The talk on the street is that linguists should stuff their portfolios with probabilistic grammars as they have intrinsic advantages over the old, stogy under-performing non-probabilsitic grammars of yore. Partisans assure us that going probabilistic makes the learning problem easier, reduces the need for rich innate structures, and even lowers cholestoral levels. Though I am genetically inclined to skepticism (especially about things that sound too good to be true), debunking these claims has always required talents above my pay grade. Lucky for me I know people who understand these issues deeply and are able to translate their significance for the unwashed, i.e. me. This is all preamble for the following post by Bob Berwick, someone that I have been able to persuade to post on an occasional basis, (hopefully not too occasionally) especially on technical topics from computational linguistics. The bottom line is that ideas that are too good to be true aren't, though their intellectual half lives can be very very long, as Bob explains below. Btw, I stole the title for this post from Bob's apposite reference to John Quiggin, an Australian economist who has done yeoman's work debunking hard to kill bad ideas in macroeconomics.
Going off the Gold Standard
Robert C. Berwick
You don't have to wander very far along
the computational linguistics byways these days to stumble across what
economist John Quiggin dubs “zombie ideas” - bad memes like “supply-side
economics after the Clinton boom and the Bush bust – repeatedly refuted with
evidence and analysis" yet somehow always rising from the dead.
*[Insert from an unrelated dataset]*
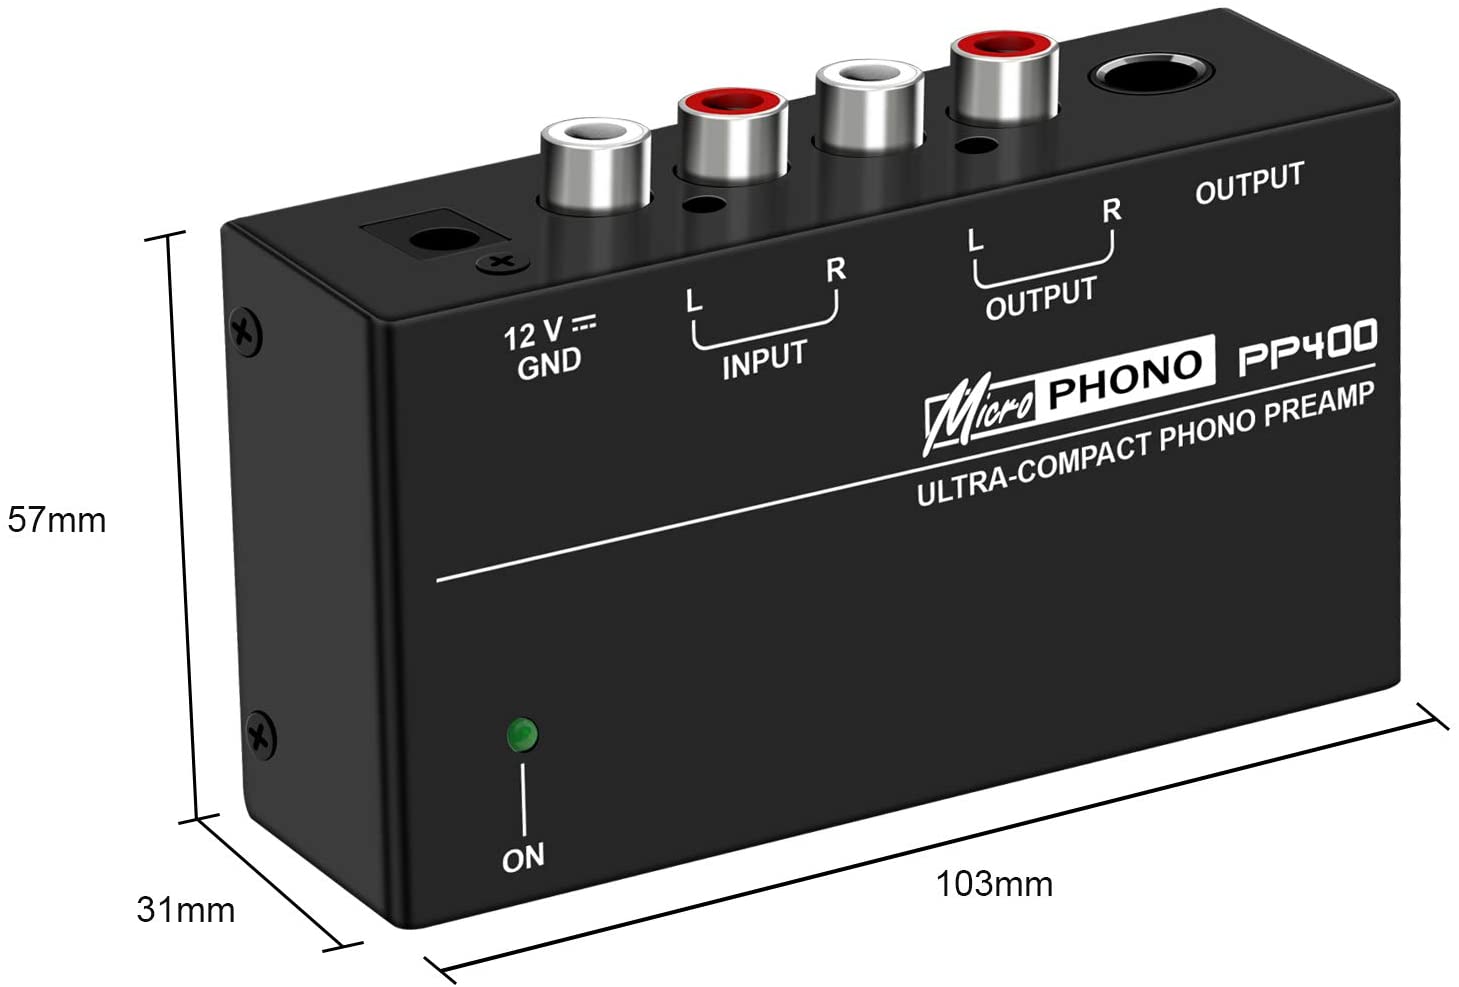 Buy Rybozen Phono Turntable Preamp - Mini Electronic Audio Stereo

Among these, two stand out, virtually
articles of probabilistic faith: One, that Gold’s (1967) celebrated results
about the non-learnability of most language families given positive-only
evidence become moot, once one “goes probabilistic.” And two, that “going probabilistic” can be cashed out simply by adding probabilities
to context-free rules, rendering probabilistic context-free grammars easier to
learn than their context-free counterparts.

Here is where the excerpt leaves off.